### DATASET EXCERPTS
- - - - -

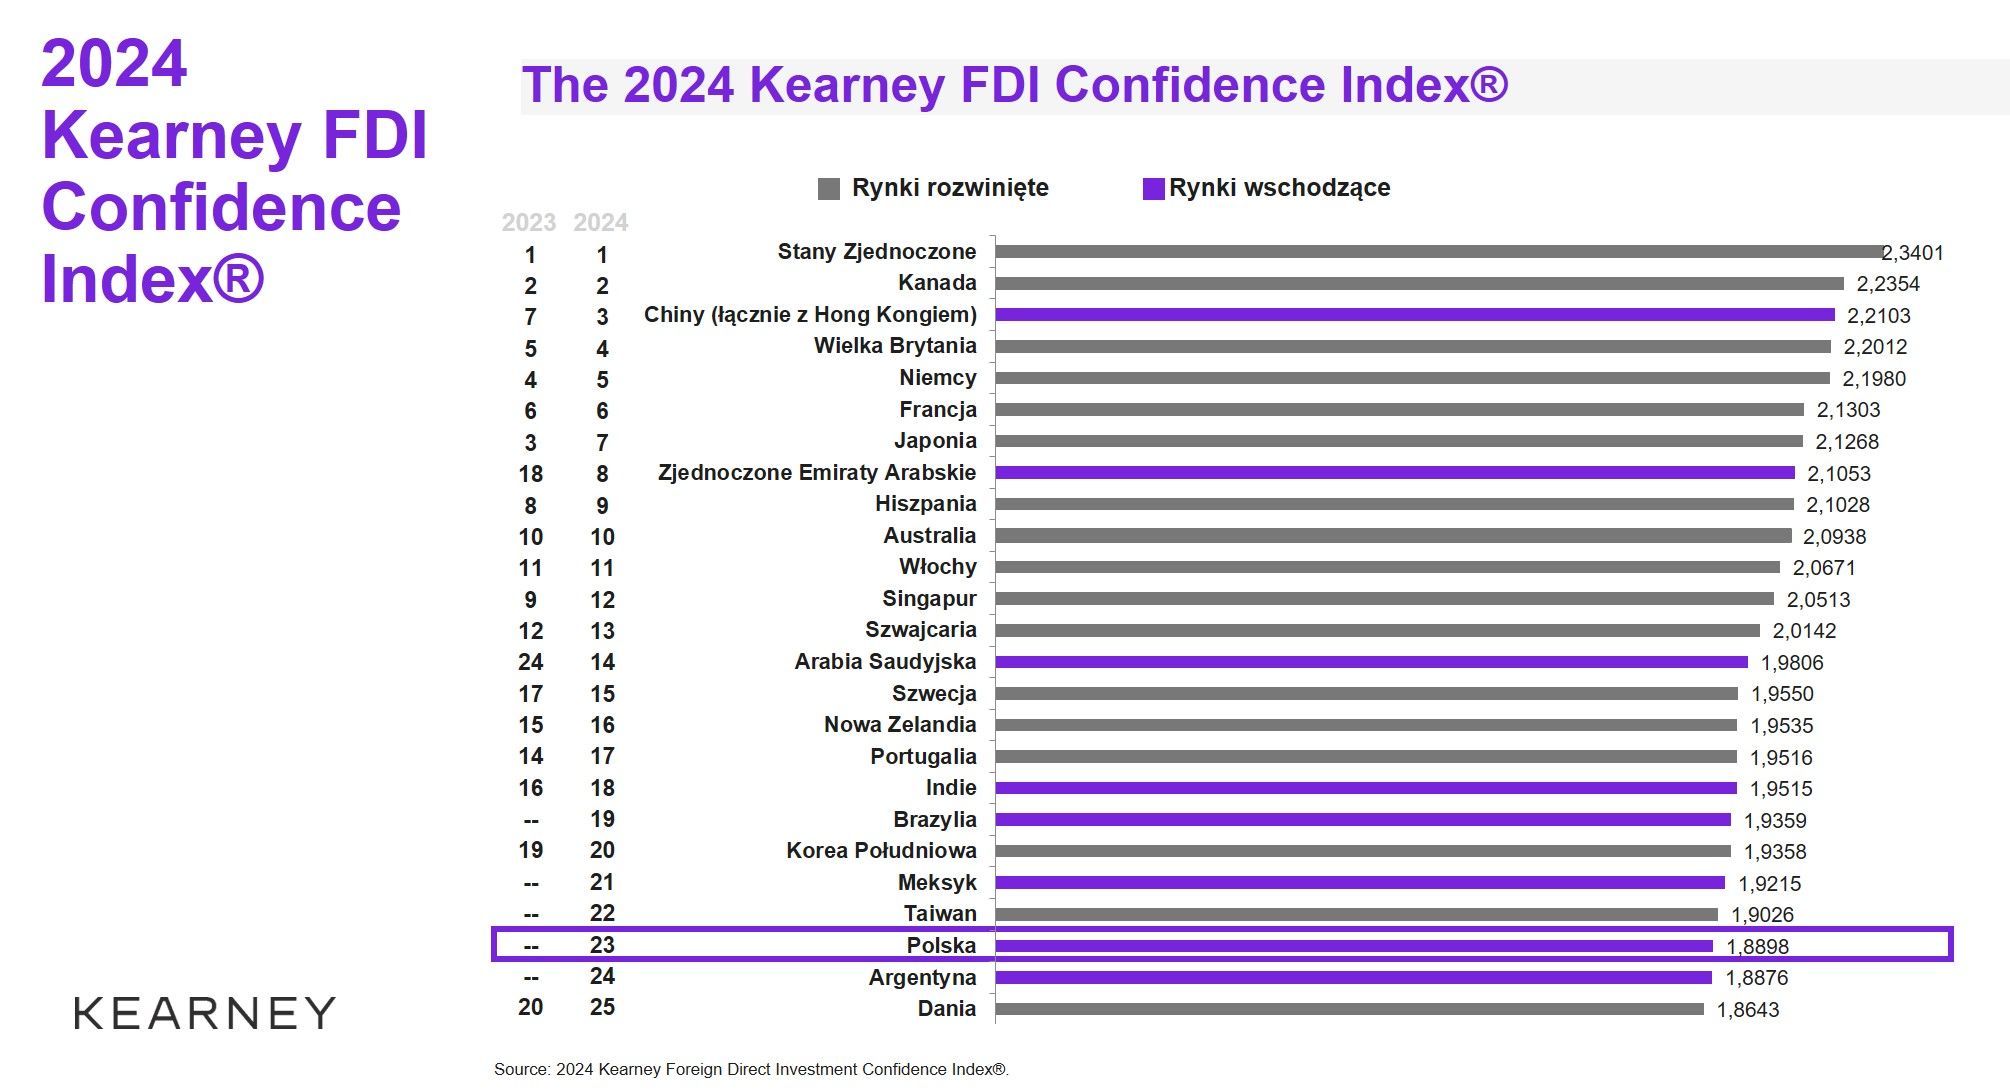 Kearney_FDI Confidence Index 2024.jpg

- - - - -

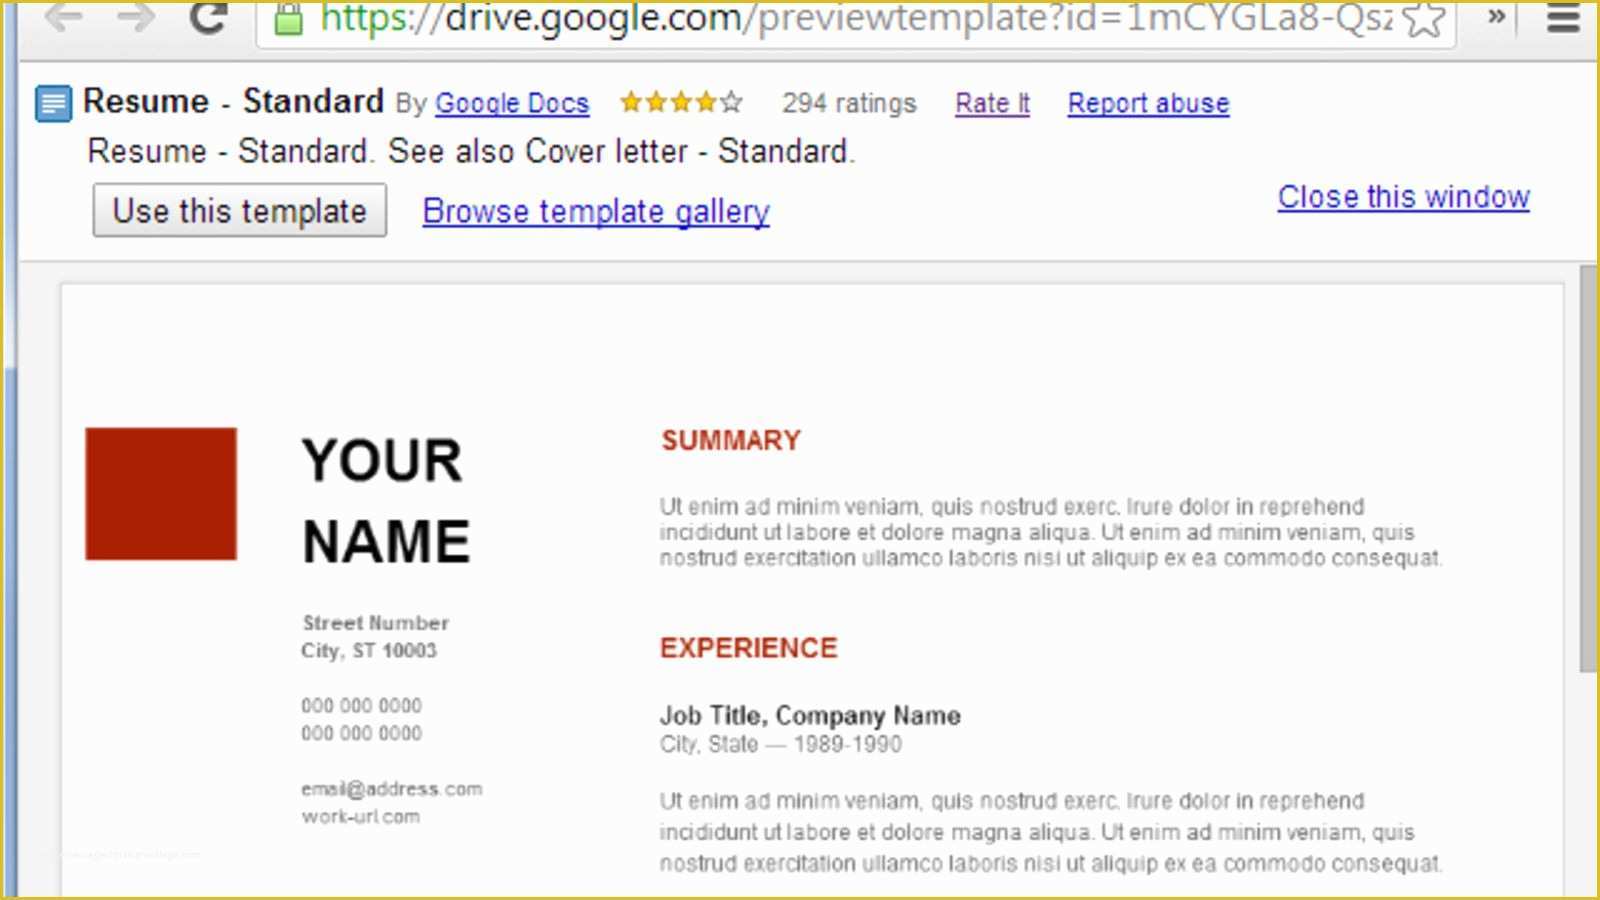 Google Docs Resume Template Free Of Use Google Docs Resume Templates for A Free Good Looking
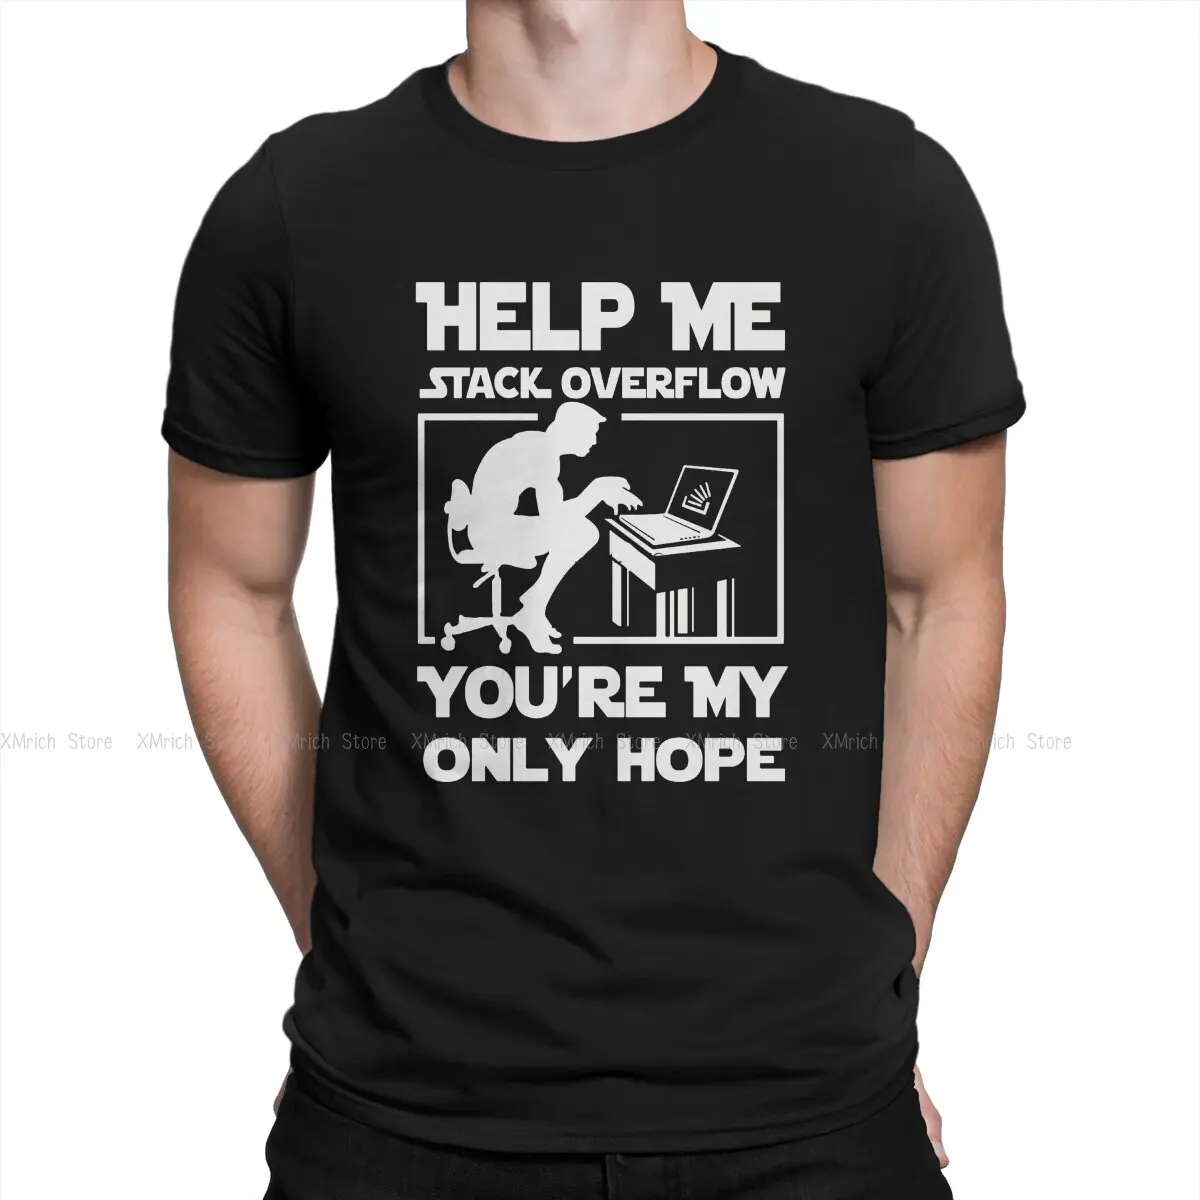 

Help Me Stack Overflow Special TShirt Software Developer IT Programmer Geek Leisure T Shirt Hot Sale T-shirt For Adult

- - - - -

### ABOUT THIS TASK
Starting at the line above with "Google Docs Resume Template Free", output every line exactly up to and including the line with "Help Me Stack", but none of the pictures.

### RESULT
 Google Docs Resume Template Free Of Use Google Docs Resume Templates for A Free Good Looking

Help Me Stack Overflow Special TShirt Software Developer IT Programmer Geek Leisure T Shirt Hot Sale T-shirt For Adult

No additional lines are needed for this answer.